Hacker News new | past | comments | ask | show | jobs | submit login
Google, make Google Analytics HTTPS by default (smerity.com)
75 points by Smerity on Dec 30, 2013 | hide | past | favorite | 24 comments



There is a wider debate that deserves to be had about analytics - not just Google Analytics but about web tracking in general. A debate about what data is collected in the first place and just how "anonymous" that data is. Is it possible for companies to respect user privacy and collect user data that helps inform improvements to their business or website at the same time? How can we answer this question when we don't even know what companies track and record in the first place? Google cetainly aren't telling.

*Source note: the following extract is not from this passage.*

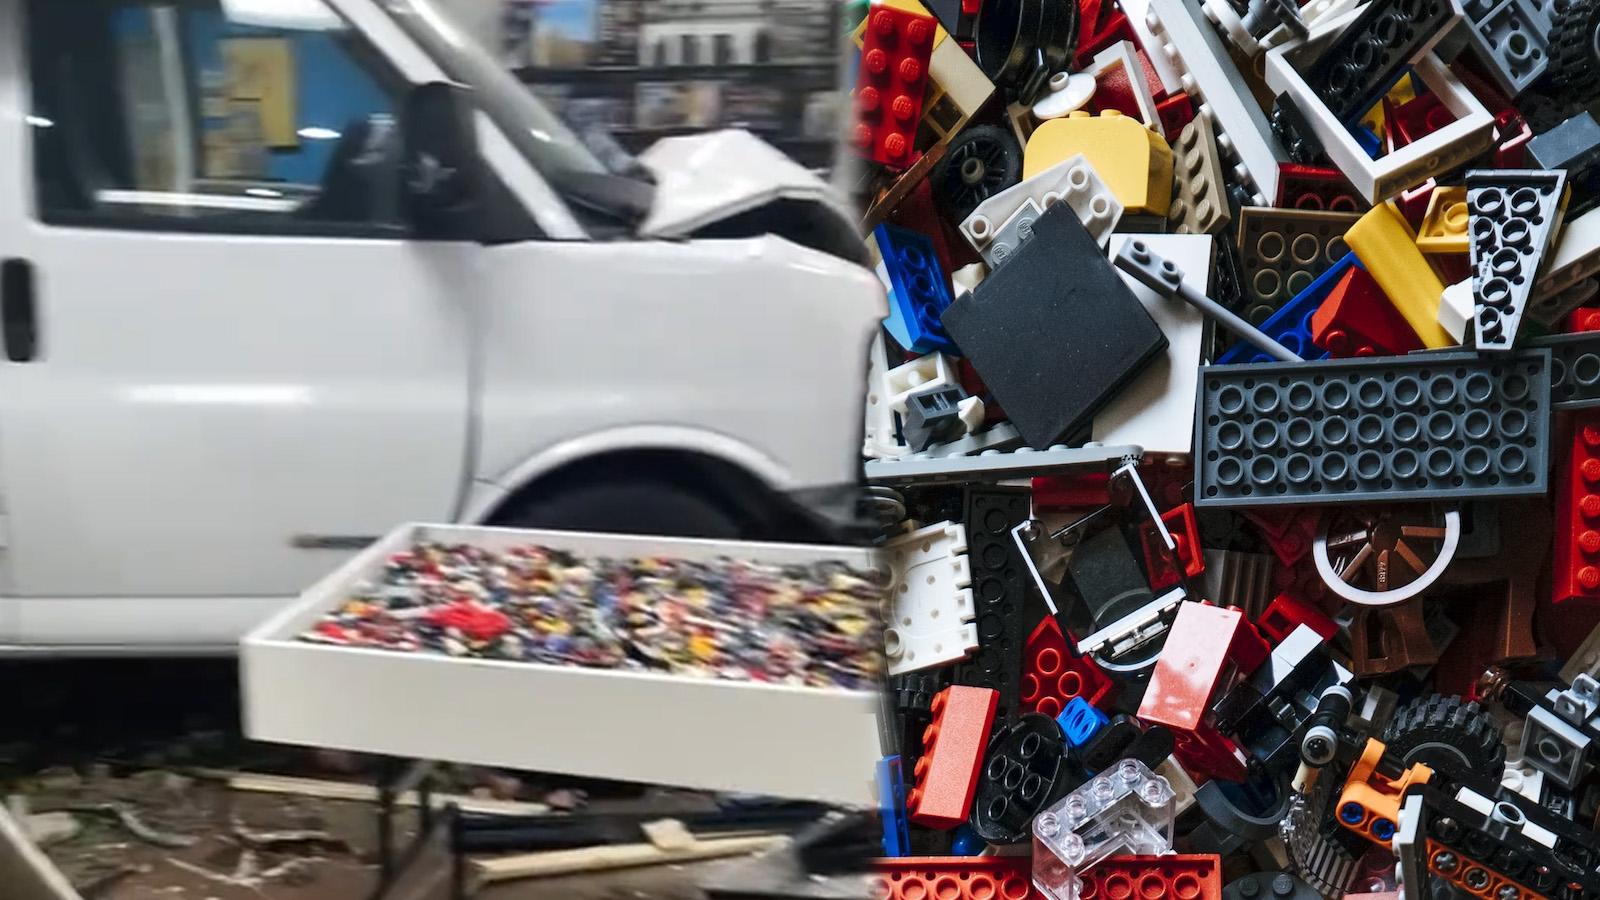 Man on the run after driving cargo van through LEGO store

It's interesting that Google does not display the IP address to Google Analytics customers citing privacy concerns, but it does of course capture that data for itself. Put another way, Google believes displaying the IP address to analytics customers would be a privacy concern, yet you could argue that Google capturing that data for itself is a greater privacy concern because, unlike the indiviudal analytics customers, Google can aggregate all the phenomenal amounts of data it captures to build a much more detailed picture of online behaviour across multiple sites.

Google are not collecting this information for nefarious purposes, but no company should be allowed to collect such phenomenal amounts of data about users' online behaviour without scrutiny. For example, consider how little comment is made on the privacy implications of using ChromeOS where your online behaviour is not only captured by Google, it isn't even anonymous.

No other company has its digital fingerprints all over the web like Google. But Google gets an easy pass on matters of privacy and online tracking. Why?


We have a number of sites in the UK for reporting crime which are supposed to be anonymous. The best known is Crimestoppers UK [1] which tells you you can "Contact us anonymously with information about crime". All these sites use Google Analytics and some also add Facebook tracking codes too.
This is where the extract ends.